In a recent article he wrote for The Washington Times (go to http://tinyurl.com/healthescape to read the entire piece), Nelson compared Christian Science healing to the life-saving “escape fire” lit by a firefighter named Wag Dodge during a raging blaze in a gulch in Montana’s Helena National Forest in 1949.

“Desperate to find a way out, Dodge did something that, to others, must have seemed completely crazy,” wrote Nelson. “He reached into his pocket, took out a match, and set fire to the tall, dry grass in front of him.

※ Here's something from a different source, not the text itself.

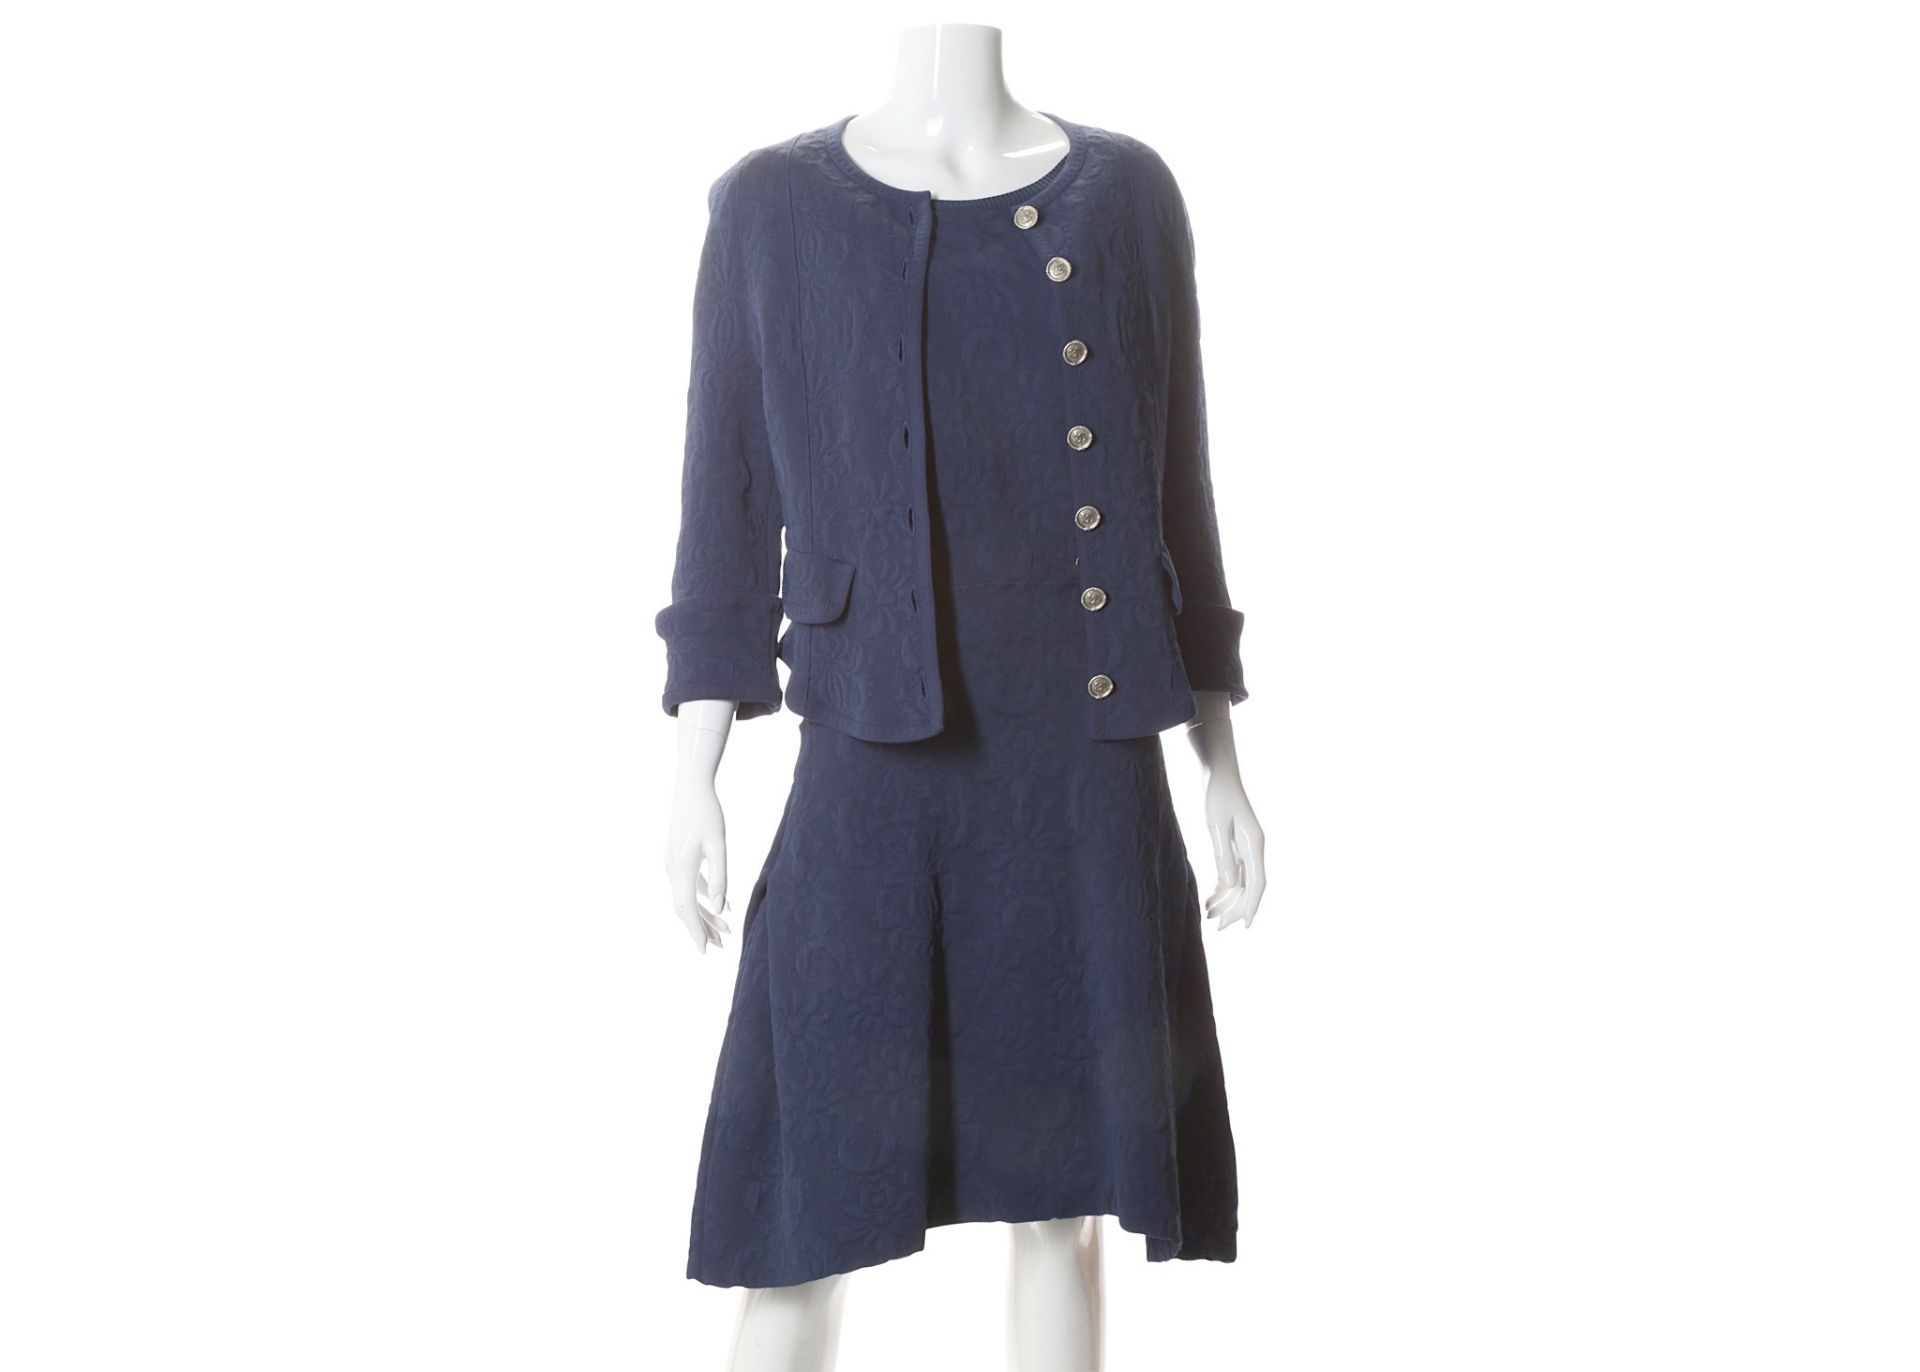 Chanel Navy Blue Jacket and Dress, 2010s, raised b

Within moments a path had been burned leading to a rocky ridge above—a makeshift buffer zone where Dodge was able to wait safely while the main fire burned around him.” None of the other firefighters with Dodge followed him, despite his encouragement, and they all died.

Nelson compares Dodge’s situation to that of Stillwell, whom he refers to as his “good friend who once found herself in a situation not unlike that faced by Wag Dodge and his fellow smokejumpers.” After briefly telling the story of how the despairing, cancer-stricken Stillwell came to be found in a coma by her husband, Nelson notes that “when she regained consciousness five days later, she realized that her original escape plan had failed; death was not an option.”

“It was then that my friend did something that, to those around her, probably seemed just as crazy as Wag Dodge setting fire to a swath of tall, dry grass: She decided to give up on drugs and rely entirely on prayer for her healing.”

Stillwell fully appreciates the unusual curing process.

“It’s amazing to me that you can read a book and the book spiritualizes your consciousness until healing is realized—even if people don’t fully understand what they’re reading,” she said. “One needn’t have a full understanding of God to realize healing. It’s the most sanitary method of healing there is. There’s no cutting away at the body, no drugs, no medical testing.”